Chairman's Corner


In 1969 I was elected vice president of my high school class, and had to give that year’s commencement speech. It was a very tumultuous time, with the organization of the massive Vietnam Moratorium demonstration protesting the war and a year after Dr. Martin Luther King Jr. was assassinated. I felt strongly that our school should have done much more to commemorate Dr. King on Martin Luther King Day and what was happening with racism and civil rights in our country, and I criticized the school’s administration during my speech. When I was finished, many of the school’s staff did not applaud and it was clear that my criticism did not go over well. Nonetheless, I made a commitment then to continue to follow my beliefs, and while I did not go on to become a political activist, I’ve continued to carry those same beliefs throughout my life.

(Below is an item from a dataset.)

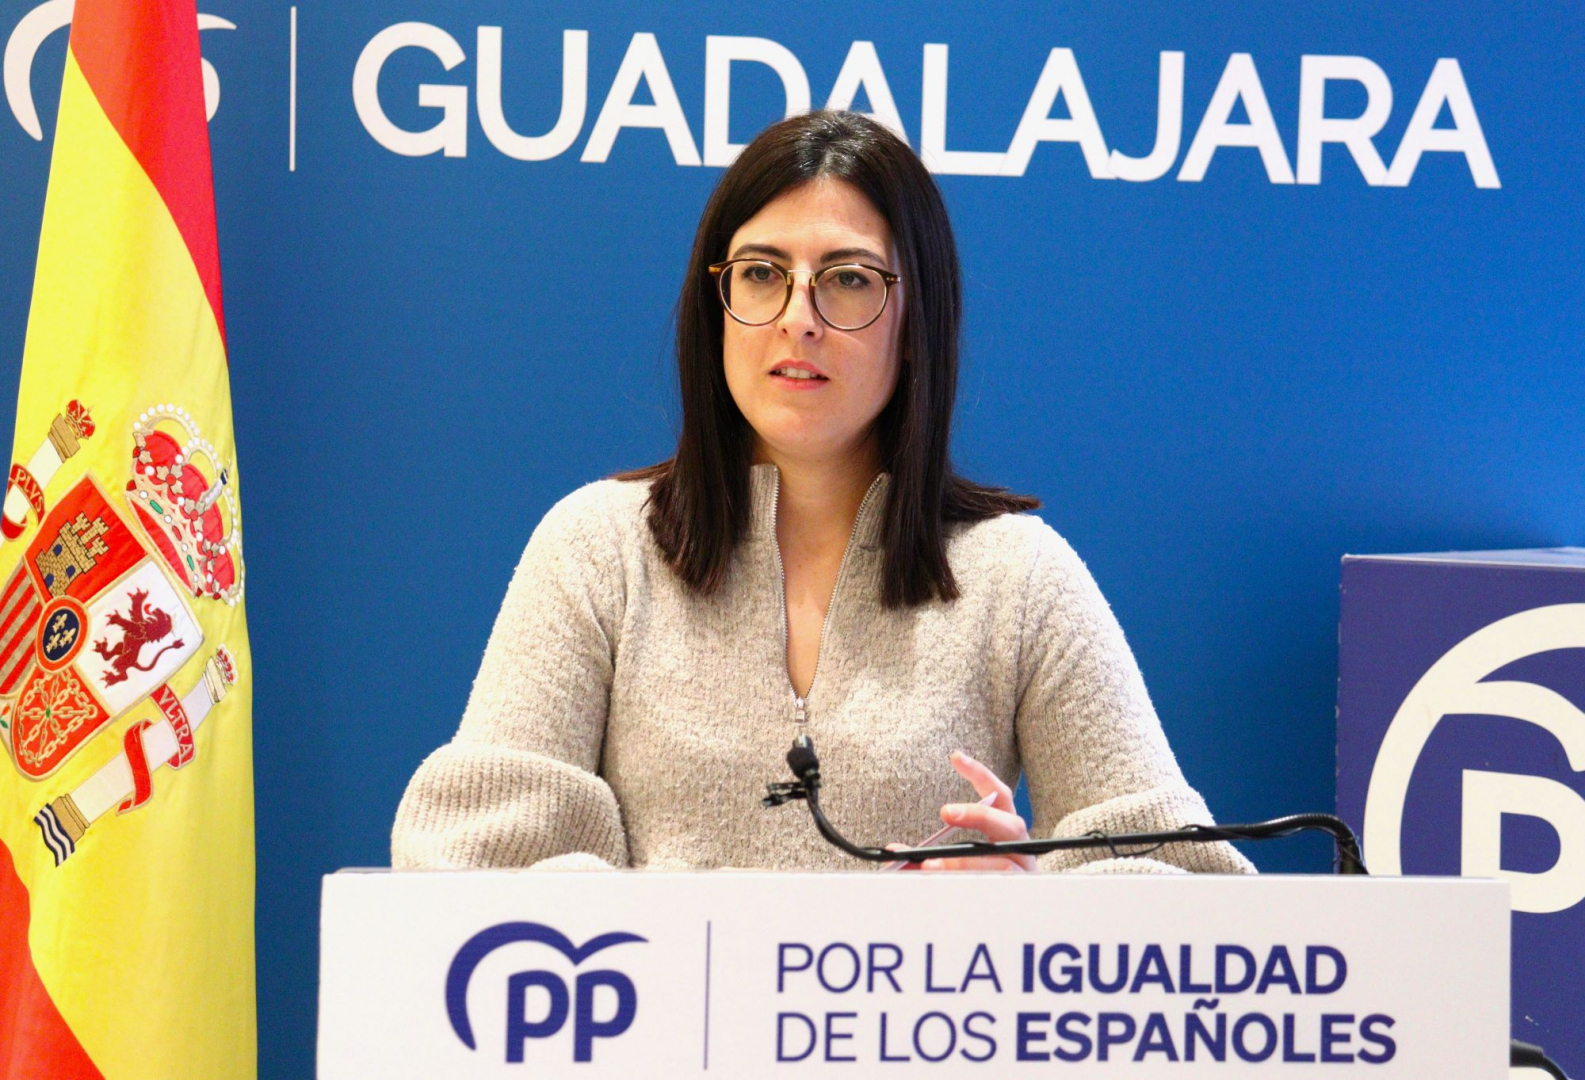 La senadora del PP, María Patricio, durante la rueda de prensa//Imagen: PP Guadalajara.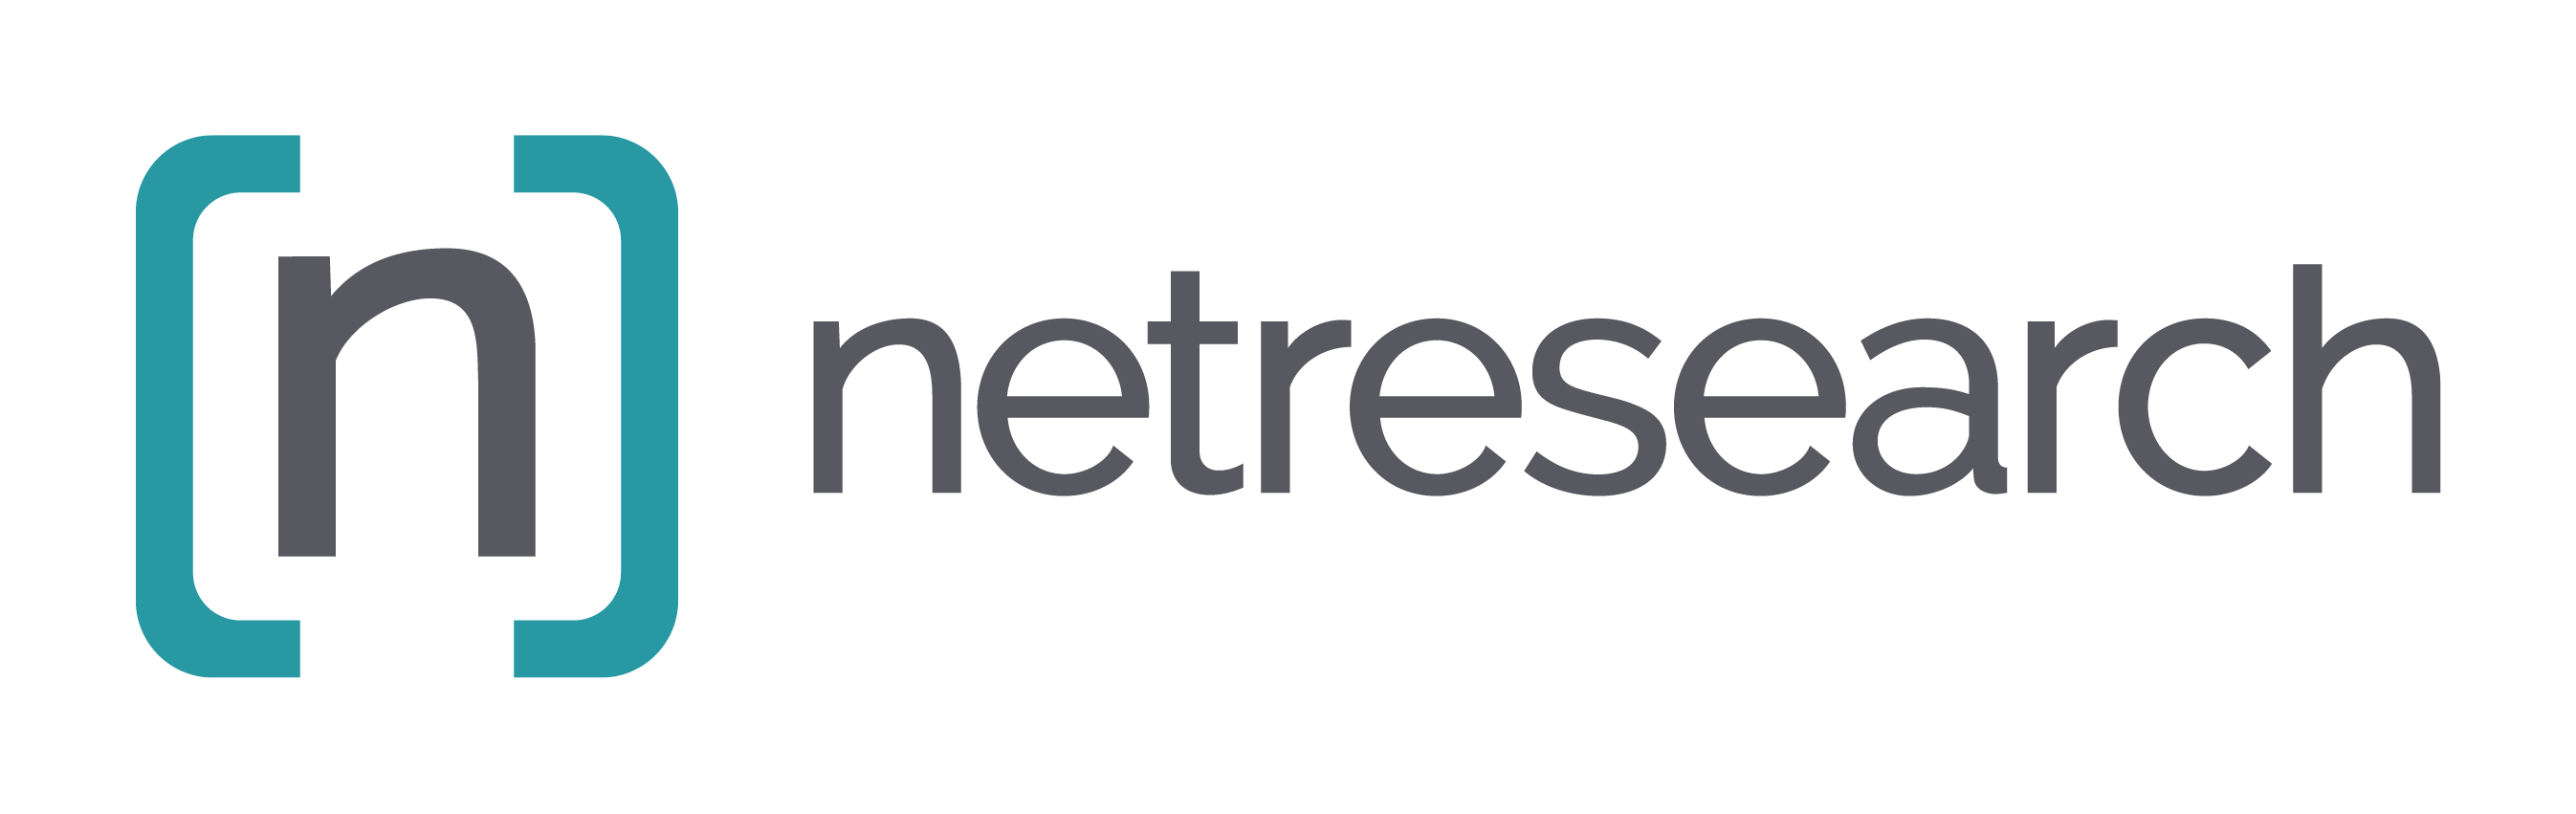 Netresearch Logo

As a neurosurgeon and Chair at Stanford, I’ve been in a position that allows me the privilege and power to act on those beliefs by encouraging, mentoring, and hiring a diverse population of  surgeons, scientists and residents. When I first became Chair of the Department of Neurosurgery at Stanford in 1995 we had only 5 faculty members, all white, including  one woman. It was one of my priorities to increase the diversity of the department, and I’ve made a concerted effort to identify and train people who represent cultures and backgrounds different from my own, or who don’t look like me. Our faculty now comprises  33% women and other underrepresented minorities, and our residency program boasts 30% women and other underrepresented minorities. While I’m incredibly proud of those numbers, unfortunately, they both represent some of the most diverse populations at a neurosurgical program in the U.S. There’s still enormous room for others to catch up to our numbers, and for us to continue our progress in this area.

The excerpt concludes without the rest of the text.